III. Content Delivery Networks (CDNs) for Reducing Network RTT

CDNs are instrumental in RTT reduction, particularly for web content delivery:

• Caching : CDNs cache content on servers located in geographically distributed edge locations. This means users can access content from a nearby server, reducing the need to retrieve data from the origin server, and consequently lowering RTT.
• Content Prioritization : CDNs allow prioritizing and delivering the most critical content quickly, which is especially beneficial for reducing RTT for web pages, images, and videos.

IV. Caching and Compression for Reducing Network RTT

Caching and compression techniques are powerful tools for minimizing RTT:

• Data Caching : Caching frequently accessed data locally, either at the client side or at intermediate network nodes, allows for quicker retrieval of data, reducing RTT.
• Data Compression : Compressing data before transmission and decompressing it at the receiver's end decreases the amount of data to be transferred, ultimately lowering RTT.

By implementing these strategies and technologies, network administrators and IT professionals can actively work to reduce RTT, enhance network performance, and deliver a more responsive user experience. Each strategy offers a unique approach to address latency and can be adapted to the specific needs and goals of the network environment.

Tools and Technologies for Optimizing Network Round-Trip Time: Network RTT Optimization

In the realm of network performance, the pursuit of lower Network Round-Trip Time (RTT) is both an art and a science. It requires the judicious selection and deployment of tools and technologies that act as enablers, elevating networks to realms of enhanced responsiveness and efficiency.

Here, we uncover the spectrum of tools at your disposal, explore their capabilities, and provide insights into the selection process to ensure you choose the right tools that align with your unique business needs. Earlier in this article, we already talked about measuring RTT and identifying RTT issues with Network Performance Monitoring tools - which are also a key tool for optimizing round-trip time.

With the right tools in your arsenal, you can orchestrate a network that not only understands the melody of RTT but dances to its tune, delivering a harmonious and responsive user experience.

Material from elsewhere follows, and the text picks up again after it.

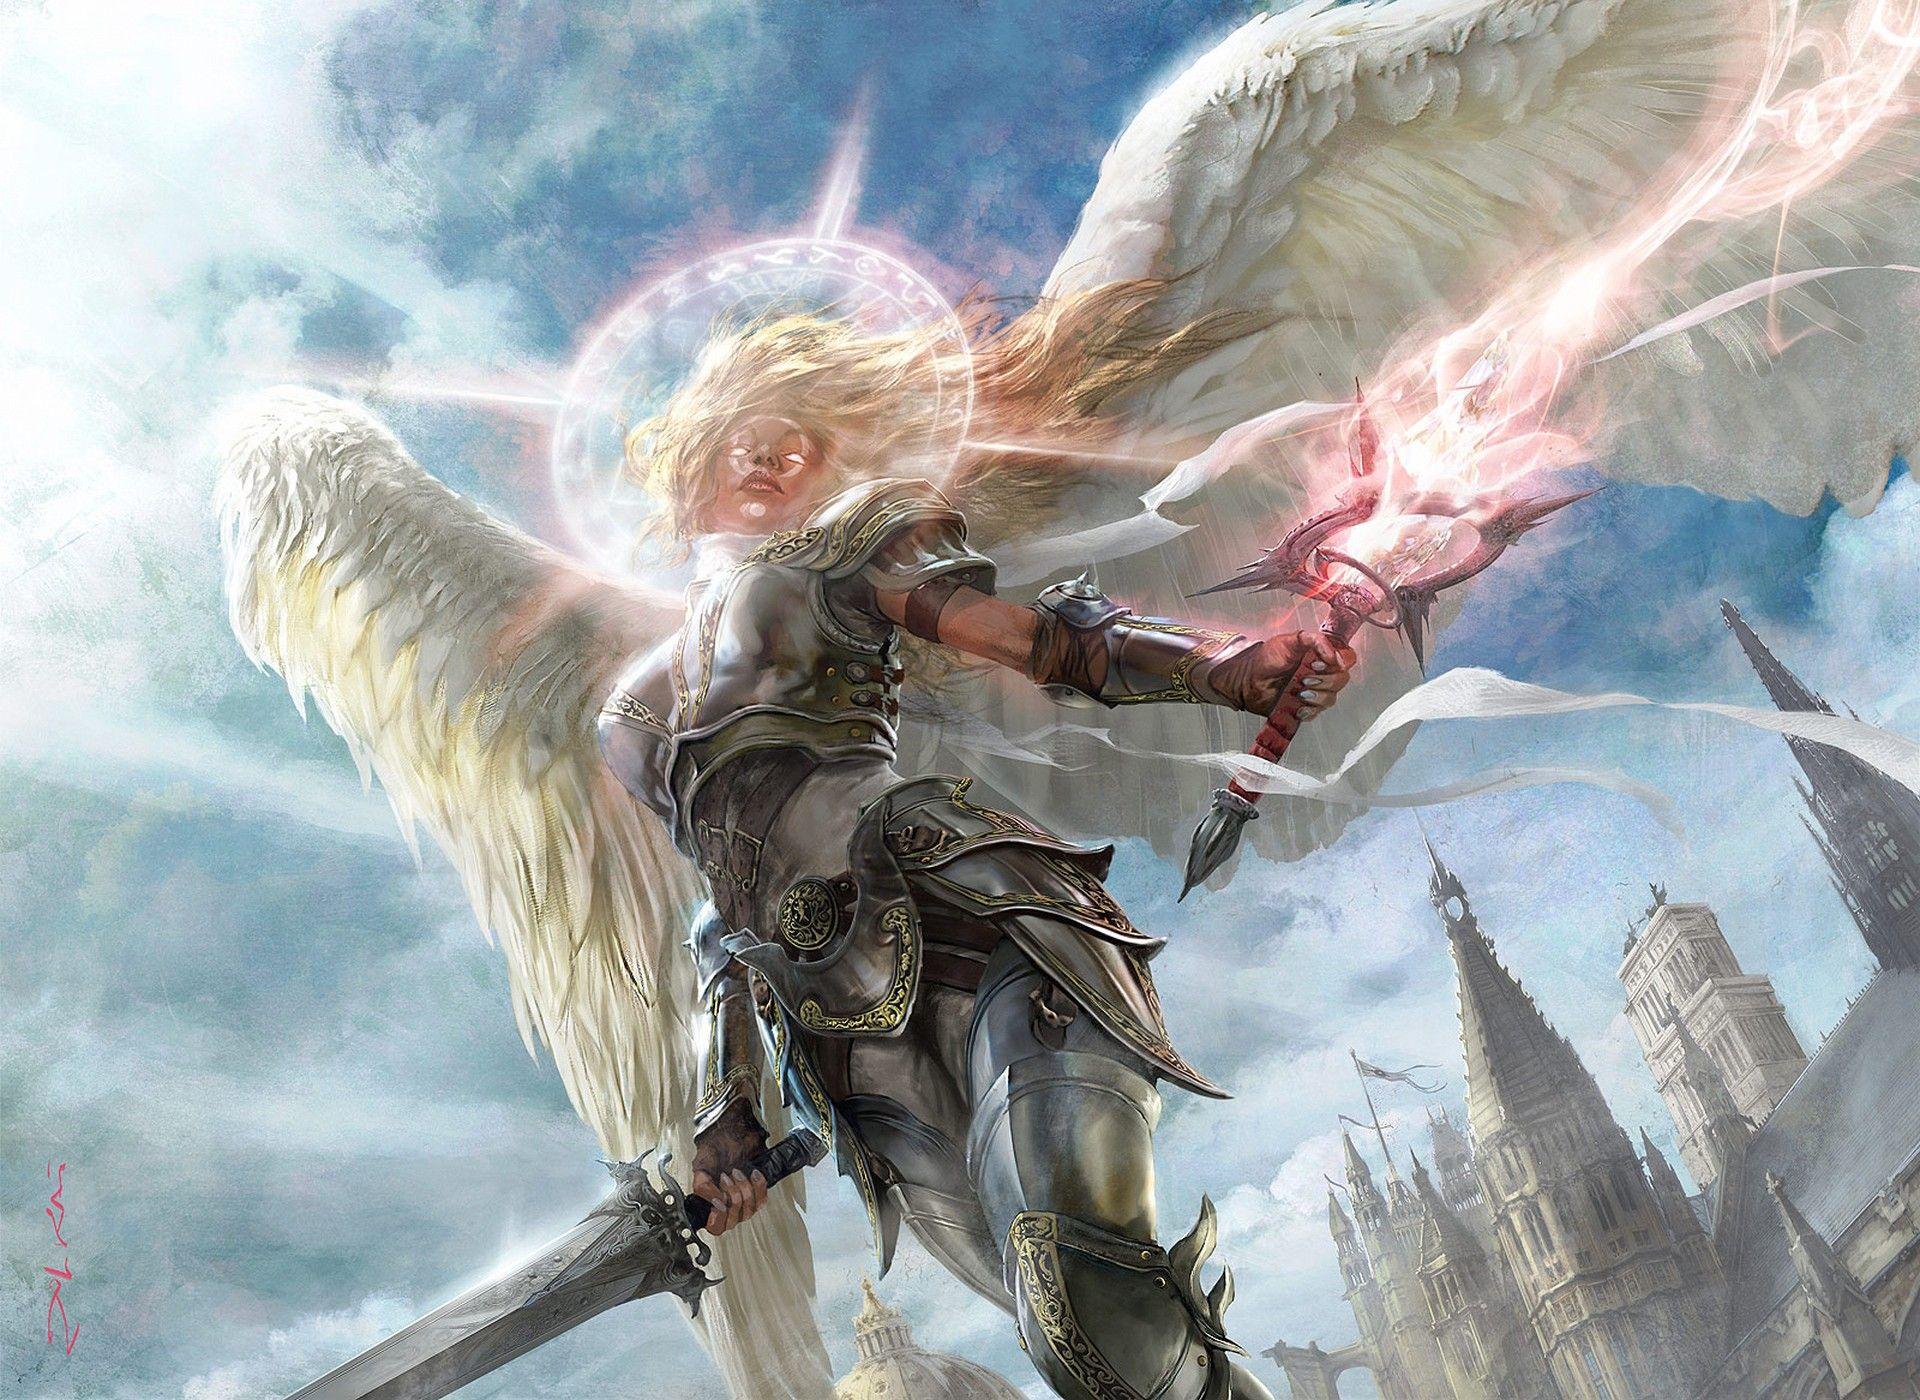 Game Magic The Gathering Wallpaper Anjos E Demonios Anjos

I. Network Monitoring and Analytics Solutions for Optimizing Network RTT

Monitoring and analytics tools are instrumental in the quest for RTT optimization:

• Network Performance Monitoring (NPM) : NPM solutions continuously monitor network performance, providing real-time visibility into RTT metrics. They enable network administrators to detect and diagnose issues promptly, making them a vital tool for maintaining low RTT.
• Packet Capture and Analysis Tools : Packet capture tools allow the in-depth analysis of network traffic. Administrators can use these tools to capture and examine packets, enabling them to identify bottlenecks and other issues contributing to RTT delays.
• Network Traffic Analysis : Advanced network traffic analysis solutions provide insights into application behaviour, network usage , and patterns. These tools help optimize network paths and configurations to lower RTT.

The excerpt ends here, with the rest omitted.